In addition, appeals and certiorari proceedings follow different schedules. In certiorari proceedings, the defendant’s full petition on the merits must be filed within 30 days of the order denying the defendant’s motion to dismiss.45 Appellate review of a final order of dismissal, on the other hand, is obtained by filing a notice of appeal within 30 days of the dismissal, with the initial brief on the merits being due 70 days after the notice of appeal is filed.46 There is also a difference in the availability of oral argument, which is routinely permitted in appeals, but rarely granted in certiorari proceedings.
As the accessibility and pace of the existing review structure poses problems for both sides, rule amendments providing mechanisms for more meaningful appellate review may be advisable. To ensure a plaintiff’s ability to obtain prompt review of a dismissal, Fla. R. App. P. 9.110 could be amended to give the plaintiff the option of proceeding according to the expedited schedule for nonfinal appeals when the dismissal is based on a question of presuit compliance.47 Correspondingly, Rule 9.130 governing nonfinal appeals could be amended to permit a defendant to appeal the denial of a motion to dismiss on such grounds.48 Providing equal and expeditious access to appellate review in this manner may be the best way to preserve the legislative intent of the presuit statutory scheme.

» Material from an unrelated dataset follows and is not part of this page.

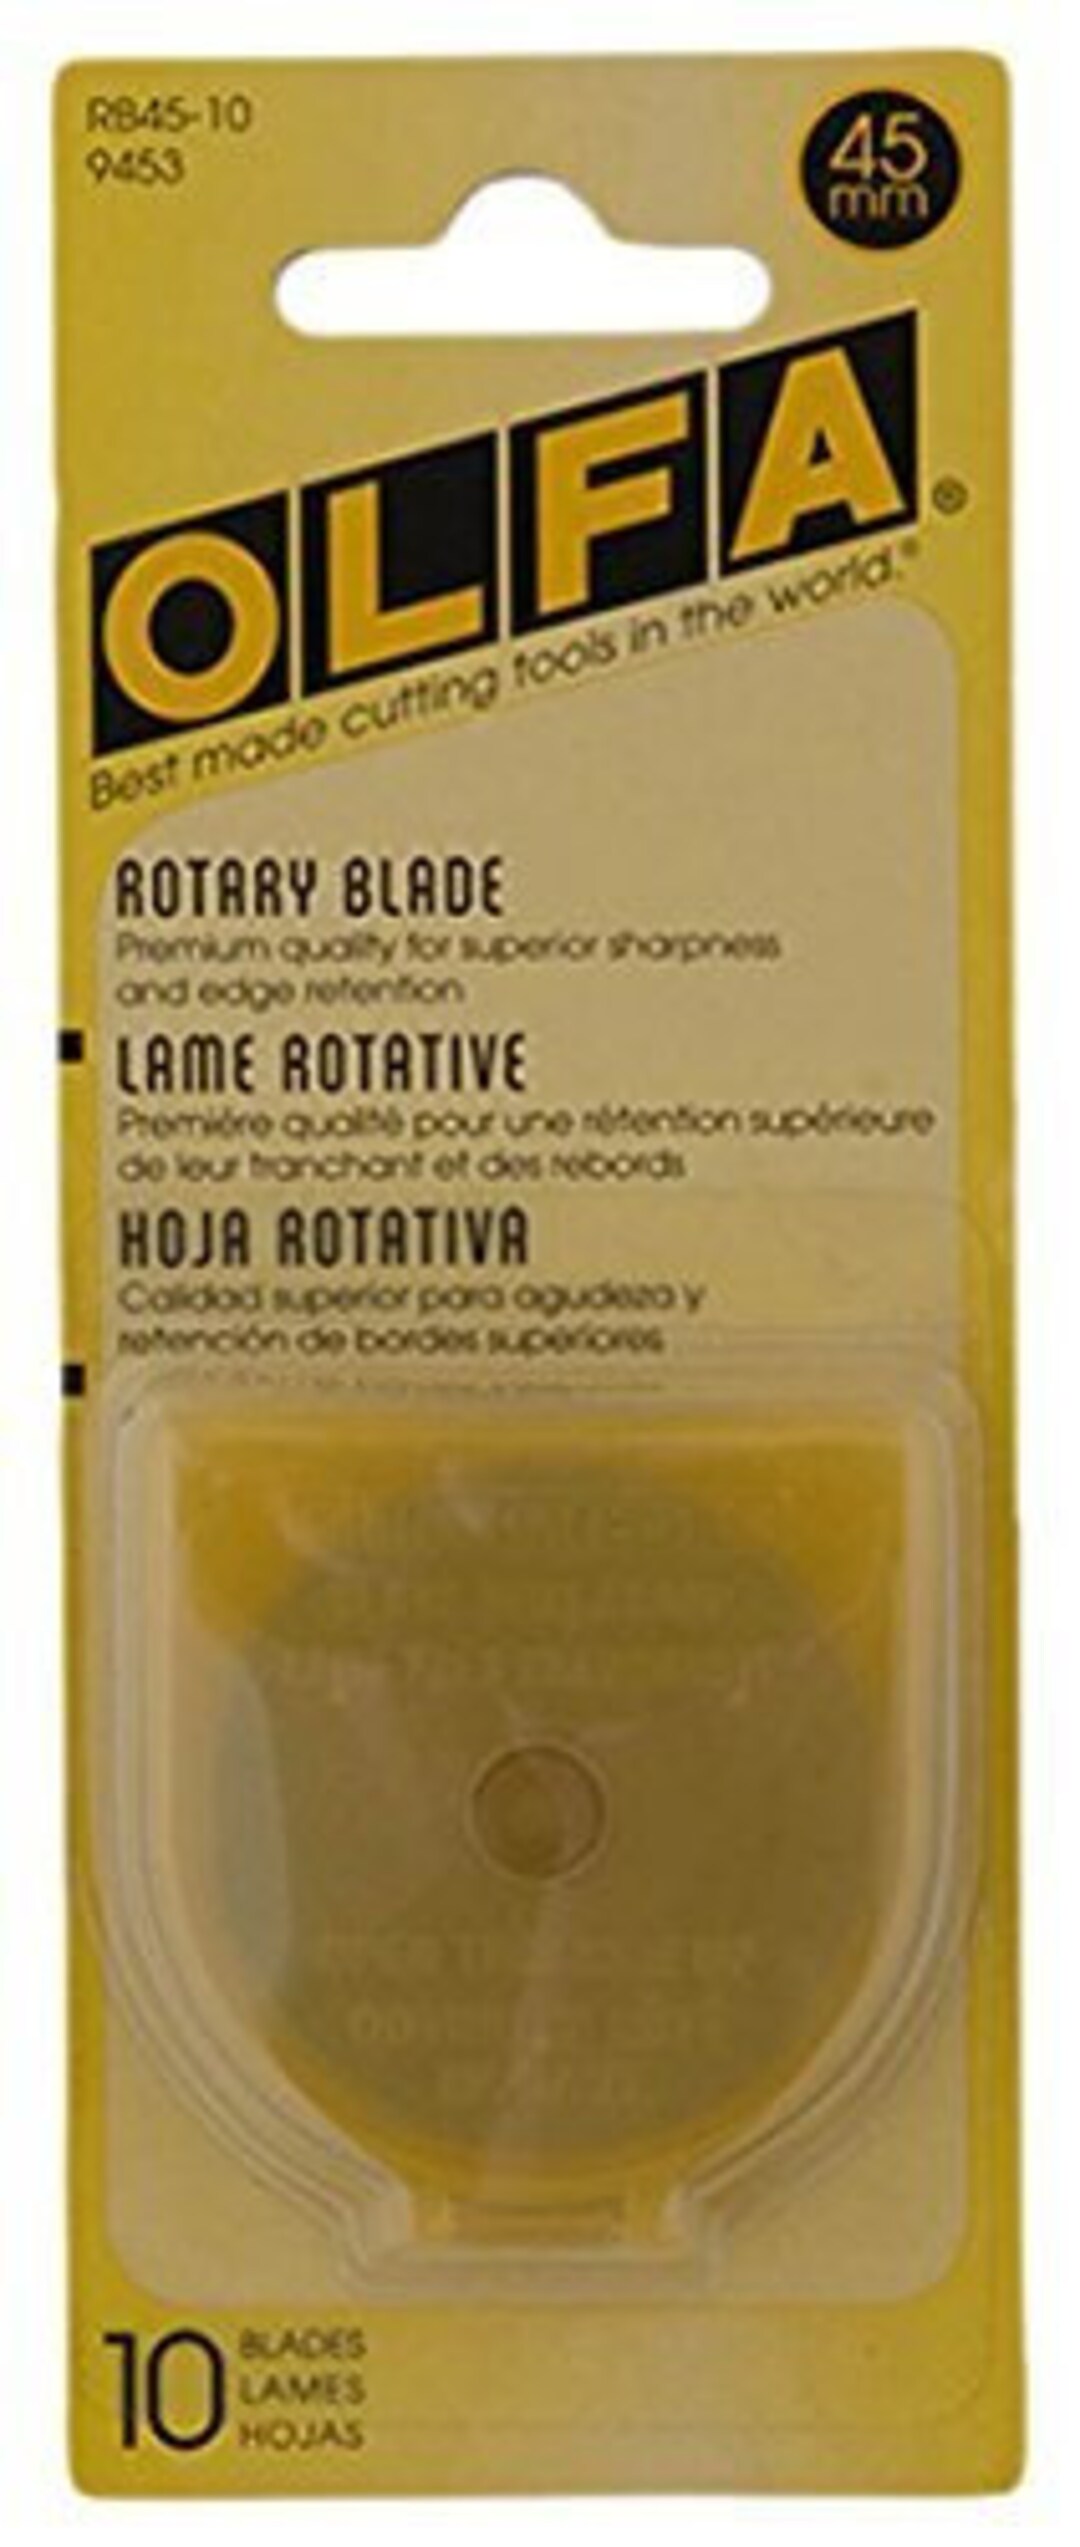 OLFA 45mm Rotary Blades 10-pack 
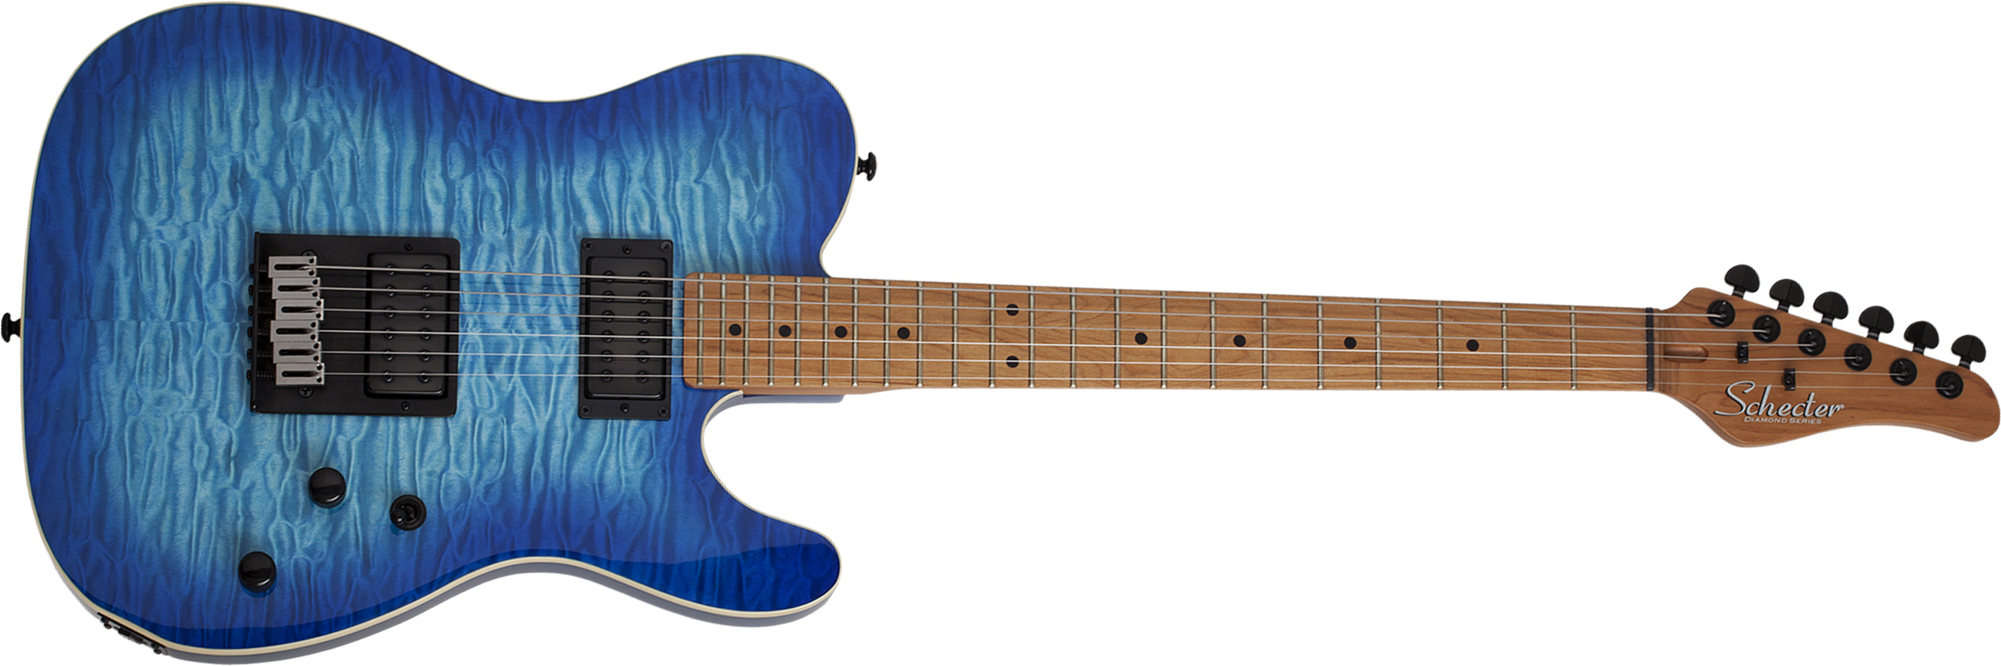 Schecter Pt Pro 2h Ht Mn - Trans Blue Burst - Televorm elektrische gitaar - Main picture

While the same-specialty requirement appears unequivocal, nuance is certain to make its way back into this aspect of presuit compliance. Further litigation on this issue can be expected as physicians continue to become more subspecialized and with the expansion of care provided by other types of practitioners. These developments could ultimately cause the pendulum to swing back to a more issue-based or procedure-based approach. The fact-based nature of such an approach would negatively impact the availability of review by certiorari, further supporting the need for an amendment to provide a true appellate remedy under Rule 9.130.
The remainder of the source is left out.